It's often said that 0's and 1's are represented by voltage, if the voltage is in the interval [0, 0.9), then it is a 0. If the voltage is in the interval [0.9, 1.5), then it is a 1 (voltages may vary, I'm only giving an example).

To some degree, you've mostly created this problem by using an unrealistic example. There is a much larger gap between logical low and high in real circuits.

For example, 5V CMOS logic will output 0-0.2V for logic low and 4.7-5V for logic high, and will consistently accept anything under 1.3V as low or anything over 3.7V as high. That is, there are much tighter margins on the outputs than the inputs, and there's a huge gap left between voltages which might be used for logical low signals (<1.3V) and ones that might be used for logical high (>3.7V). This is all specifically laid out to make allowances for noise, and to prevent the very sort of accidental switching that you're describing.

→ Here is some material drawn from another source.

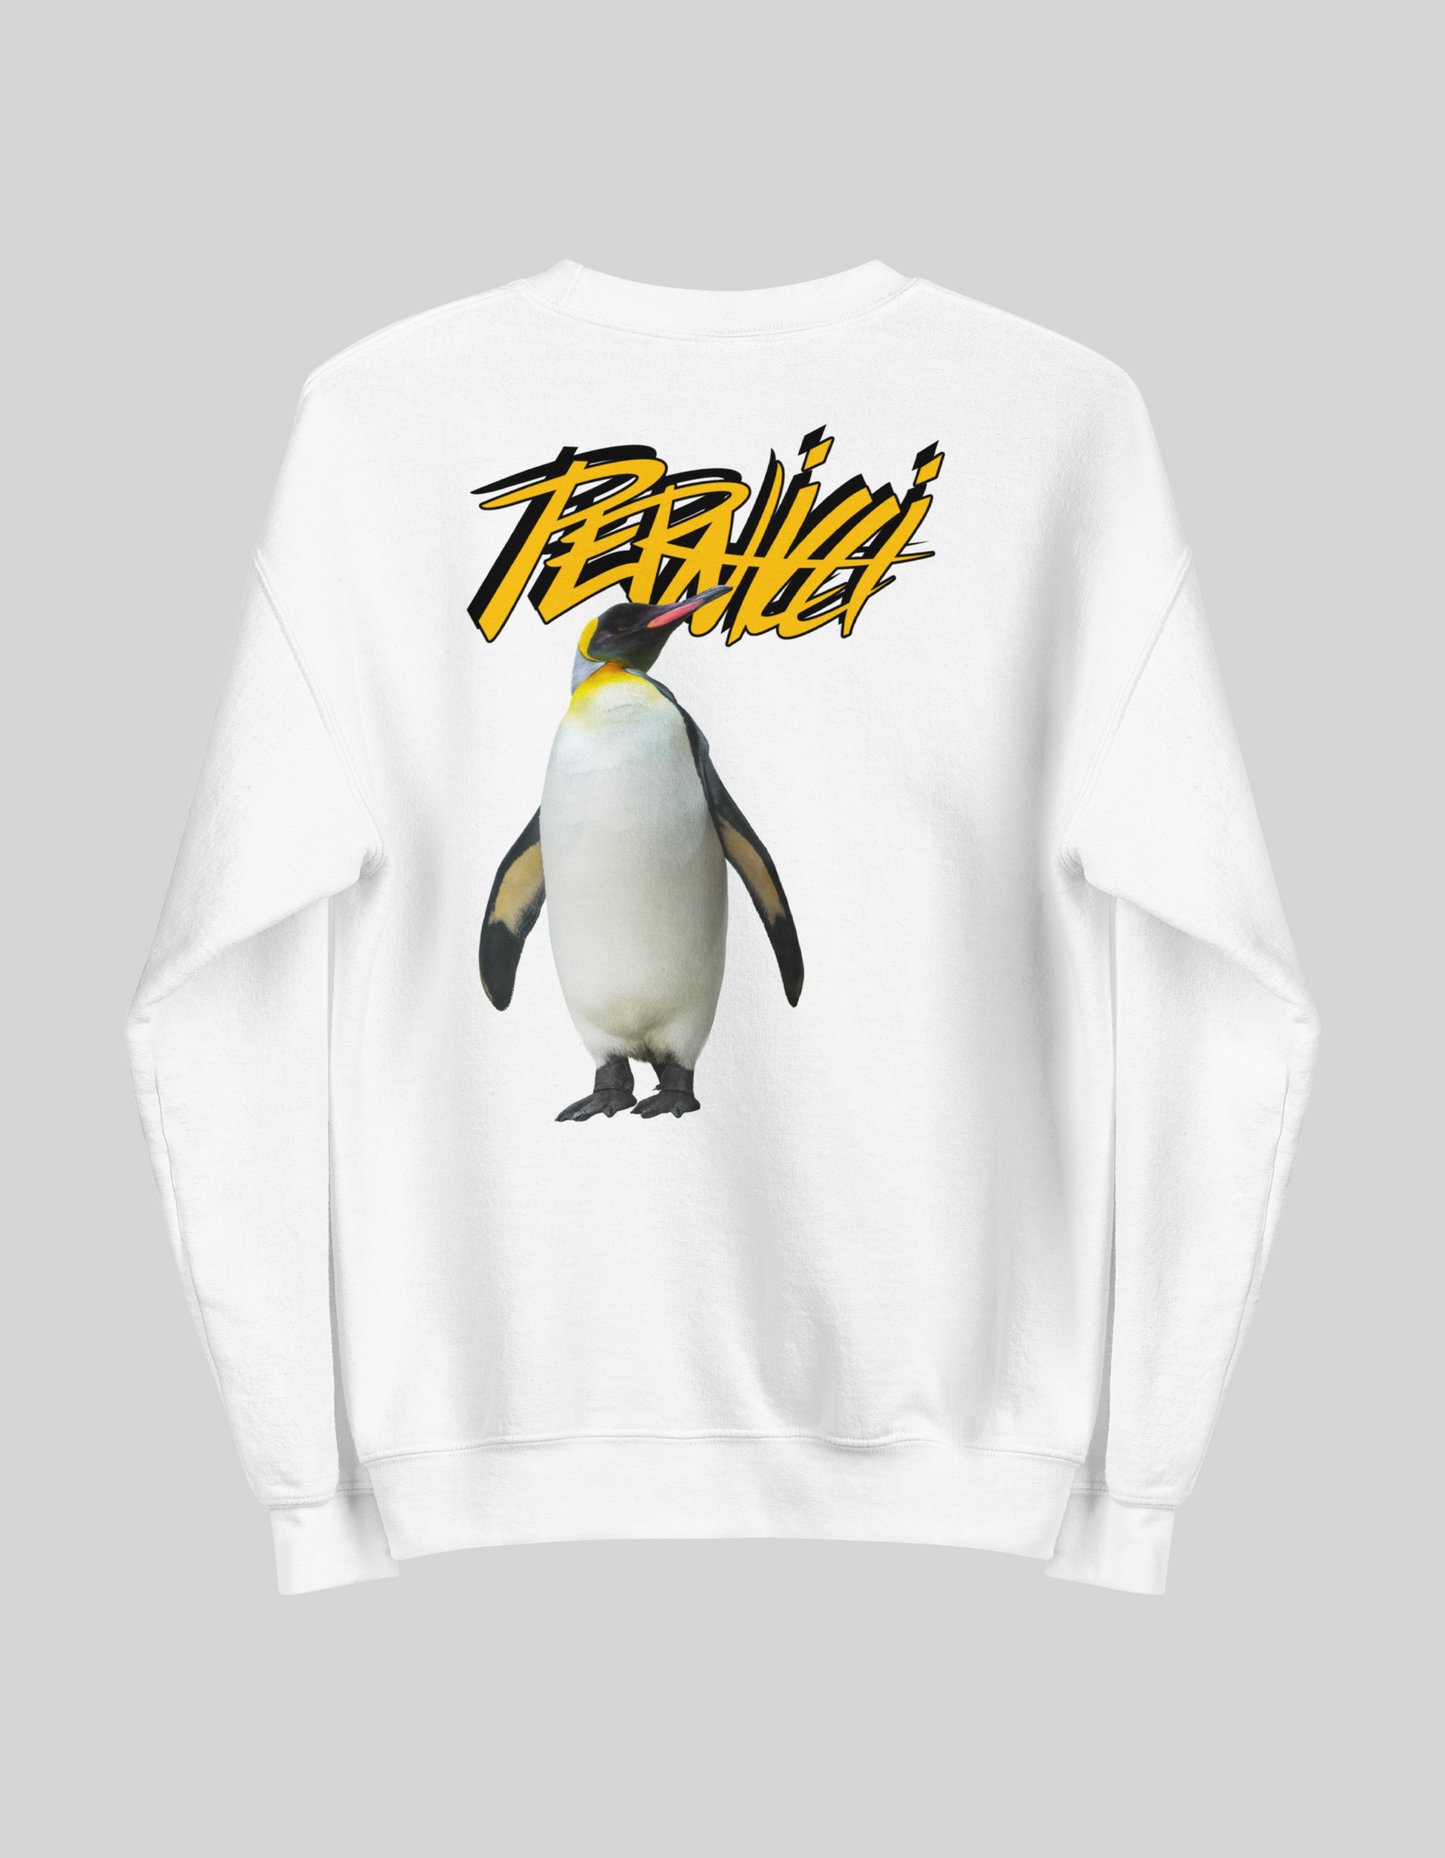 Unisex Sweatshirt Penguin

Here's a visual representation of the thresholds for a variety of logic standards, which I've borrowed from interfacebus.com:

Logic level thresholds][1]

Each column represents one logic standard, and the vertical axis is voltage. Here's what each color represents:

  • Orange: Voltages in this range are output for logical high, and will be accepted as logical high.
  • Light green: Voltages in this range will be accepted as logical high.
  • Pink/blue: Voltages in this range won't be interpreted consistently, but the ones in the pink area will usually end up being interpreted as high, and ones in the blue area will usually be low.
  • Bluish green: Voltages in this range will be accepted as logical low.
  • Yellow: Voltages in this range are output for logical low, and will be interpreted as logical low.
  • 4
    Good answer, though I think it could be more complete: you only cover immunity to (or rather, protection against) noise. There are many other mechanisms responsible for digital errors, and just as many means of protection. The good thing is, I didn't cover immunity to noise in my answer :) – Mister Mystère Apr 27 '16 at 11:42
  • 1
    @MisterMystère That's true! Error correction is kind of a huge topic, though, and I couldn't possibly cover all of it in a single answer. –  Apr 28 '16 at 01:51
  • 1
    @MisterMystère: Well, "noise" is a term that covers all kinds of stochastic error sources. Your examples of EM interference and cosmic radiation fall into the category of "noise" just fine. The only other cause of digital error is a deterministic one, which we call a "bug". But this question is only about the accidental errors. – Ben Voigt Apr 28 '16 at 14:29
  • In your third bullet, I believe you have the colors or the logic switched. the pink should be low and the blue should be high. – Guill Apr 28 '16 at 21:41
  • @Guill Huh? The pink region is above V_T, so it will unreliably be treated as logical high. –  Apr 28 '16 at 22:02
  • So doesn't this just invite the question "How often do voltages fall inside the blue/pink ranges?"? Some of those "unreliable" ranges seem quite large. How do they compare to real-world tolerances? How often would you expect a bit to be accidentally flipped in, say, the RAM of a modern laptop? – naught101 Apr 29 '16 at 02:03
  • @naught101 Keep in mind that these voltage standards only apply to signalling. Voltages inside DRAM are a completely different issue. –  Apr 29 '16 at 02:10
  • @duskwuff: ok, "between CPU and RAM" or similar then - I mean, there are lots of pathways in a computer, how often does one of them result in an accidental flipped bit? – naught101 Apr 29 '16 at 02:26
  • Yeah but who uses 5V transistors these days? This is a real problem for modern small processes that work with much lower voltages - as the troubles with DDR3 ram clearly demonstrate (look up rowhammer attacks). You really can't say "this is not a problem" when there are existing exploits out there that do exactly that. – Voo Apr 29 '16 at 18:16
  • @Voo Margins on 3.3V (or lower) CMOS are, generally speaking, proportional to the 5V margins. And as I've said already, DRAM levels are a separate issue. –  Apr 29 '16 at 23:51
  • @duskwuff Even then, a transistor can easily start violating its specifications (operating outside its temperature range, manufacturing errors,..), which would then violate the propagation delay assumptions of the circuit which would then lead to mistaking a high for low or vice-versa. But I guess it really depends how you interpret the question. – Voo May 01 '16 at 09:02
  • The 5V CMOS example looks completely symmetric. Is this an accident of the materials used or is there a deep reason behind it? – Nayuki May 01 '16 at 23:12
66

We can't. We are just decreasing the probability of errors by adding checks to the data. Depending on what type of data is to be checked, it can either be done via hardware or software, and can take any form from simple checksum bits in serial streams to cyclic state machines allowing only specific transitions to be made at any given time.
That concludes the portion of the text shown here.